# Synthetic Regression Data



In [1]:
%matplotlib inline
import random
import torch
from d2l import torch as d2l

Construct an artificial dataset
according to a linear model with additive noise.
The true parameters generating our true targets are
$\mathbf{w} = [2, -3.4]^\top$ and $b = 4.2$.
$$\mathbf{y}= \mathbf{X} \mathbf{w} + b + \mathbf\epsilon$$

In [3]:
class SyntheticRegressionData(d2l.DataModule):  
    def __init__(self, w, b, noise=0.01, num_examples=1000, batch_size=8):
        super().__init__()
        self.save_hyperparameters()
        self.X = torch.normal(0, 1, (num_examples, len(w)))
        y = torch.matmul(self.X, w) + b + torch.normal(0, noise, (num_examples,))
        self.y = y.reshape((-1, 1))

w = torch.tensor([2, -3.4])
b = 4.2
data = SyntheticRegressionData(w, b)

Each row in `features` consists of a vector in $\mathbb{R}^2$ and each row in `labels` is a scalar

In [4]:
print('features:', data.X[0],'\nlabel:', data.y[0])

features: tensor([ 1.0323, -0.0329]) 
label: tensor([6.3724])


Define the `data_iter` function
that
takes a batch size, a matrix of features,
and a vector of labels, yielding minibatches of size `batch_size`

In [6]:
@d2l.add_to_class(SyntheticRegressionData)
def train_dataloader(self):
    indices = list(range(self.num_examples))
    random.shuffle(indices)
    for i in range(0, self.num_examples, self.batch_size):
        batch_indices = torch.tensor(
            indices[i: min(i + self.batch_size, self.num_examples)])
        yield self.X[batch_indices], self.y[batch_indices]

X, y = next(iter(data.train_dataloader()))
print('X shape:', X.shape, '\ny shape:', y.shape)

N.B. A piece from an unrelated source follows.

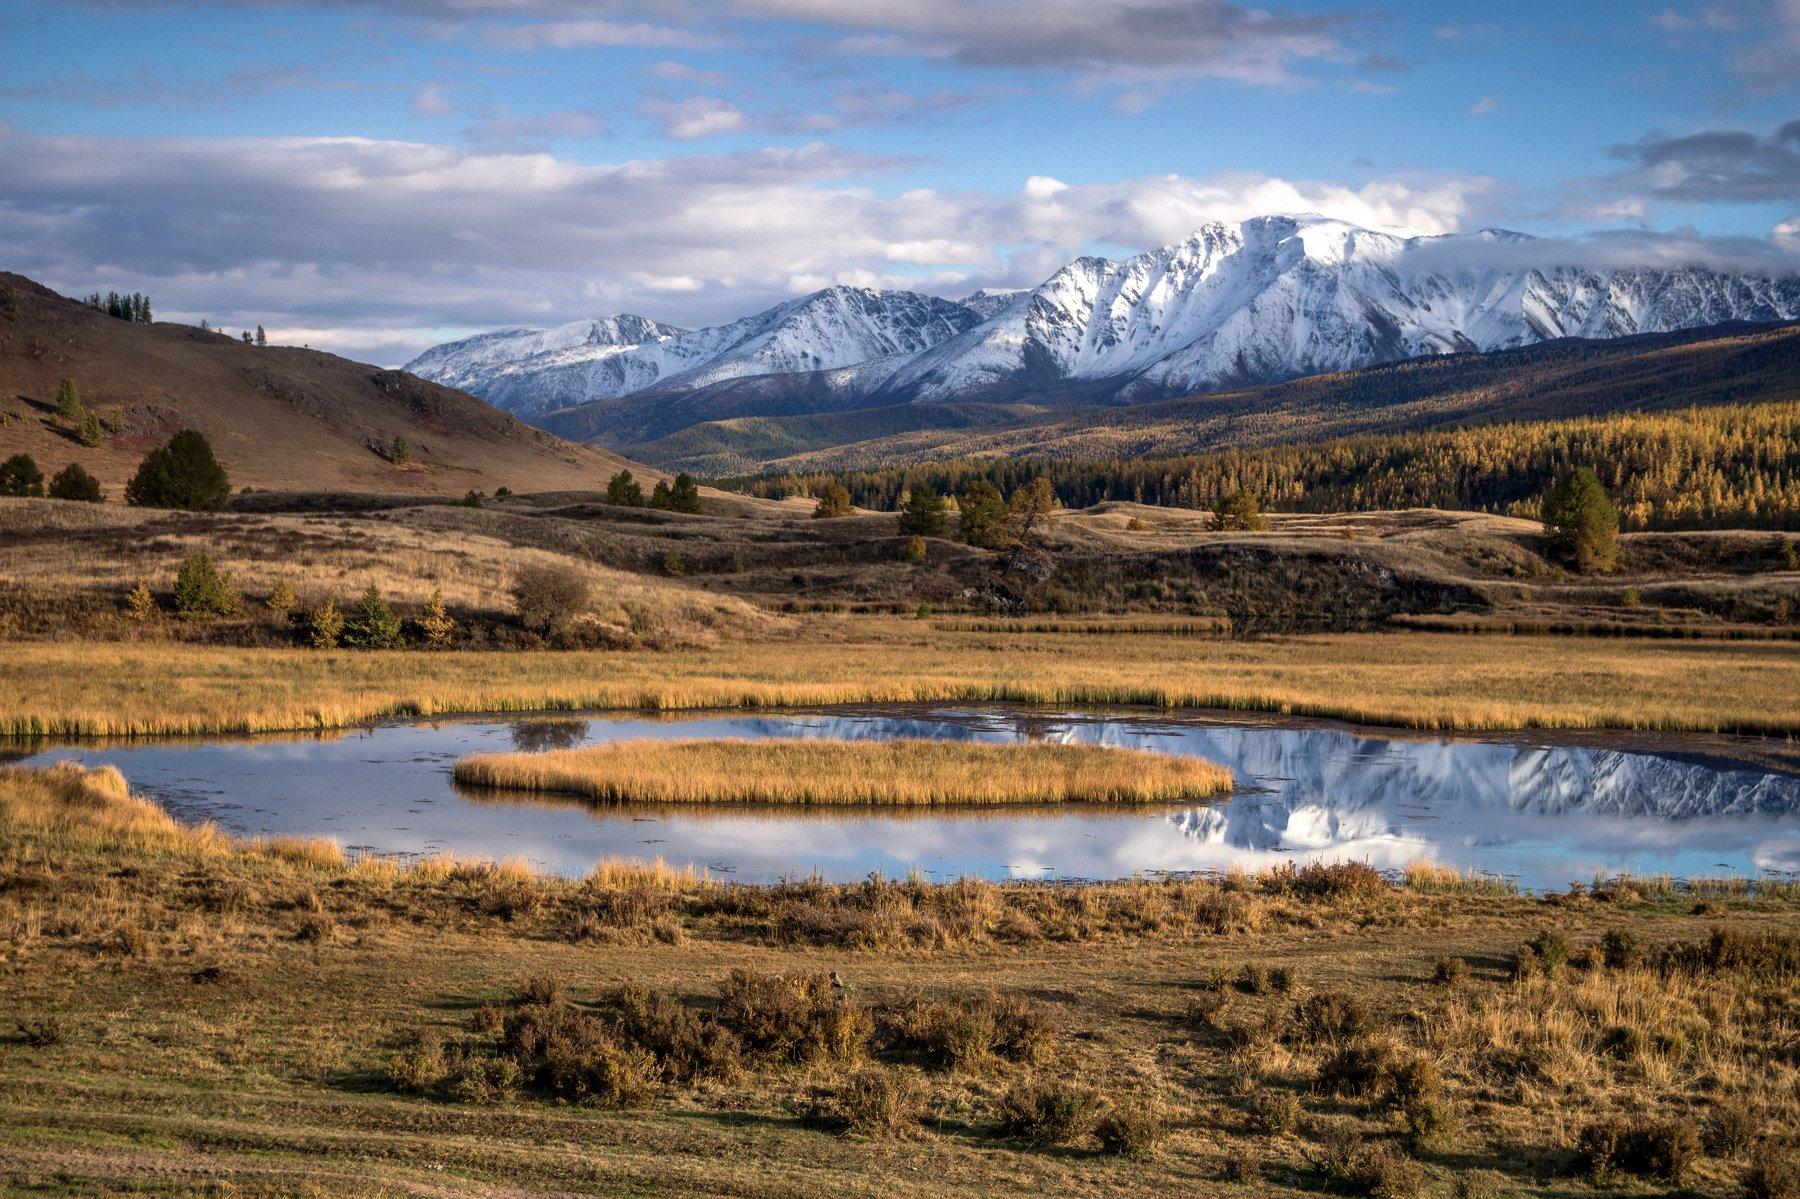 природа  алтай  горы пейзаж путешествие осень тени северо-чуйский хребет отражение озеро джангысколь, Людмила

X shape: torch.Size([8, 2]) 
y shape: torch.Size([8, 1])


Call the existing API in a framework to read data

In [8]:
@d2l.add_to_class(SyntheticRegressionData)  
def train_dataloader(self):
    dataset = torch.utils.data.TensorDataset(self.X, self.y)
    return torch.utils.data.DataLoader(dataset, self.batch_size, shuffle=True)

next(iter(data.train_dataloader()))

[tensor([[ 1.8273, -0.3405],
         [ 0.3609, -1.4379],
         [-0.1293, -1.0305],
         [-1.0967,  0.7427],
         [ 0.0045, -0.3536],
         [-1.6509,  1.9914],
         [-0.9864,  2.0244],
         [ 1.1538,  0.7084]]),
 tensor([[ 9.0194],
         [ 9.8133],
         [ 7.4450],
         [-0.5365],
         [ 5.4222],
         [-5.8550],
         [-4.6594],
         [ 4.0990]])]

In [9]:
len(data.train_dataloader())

125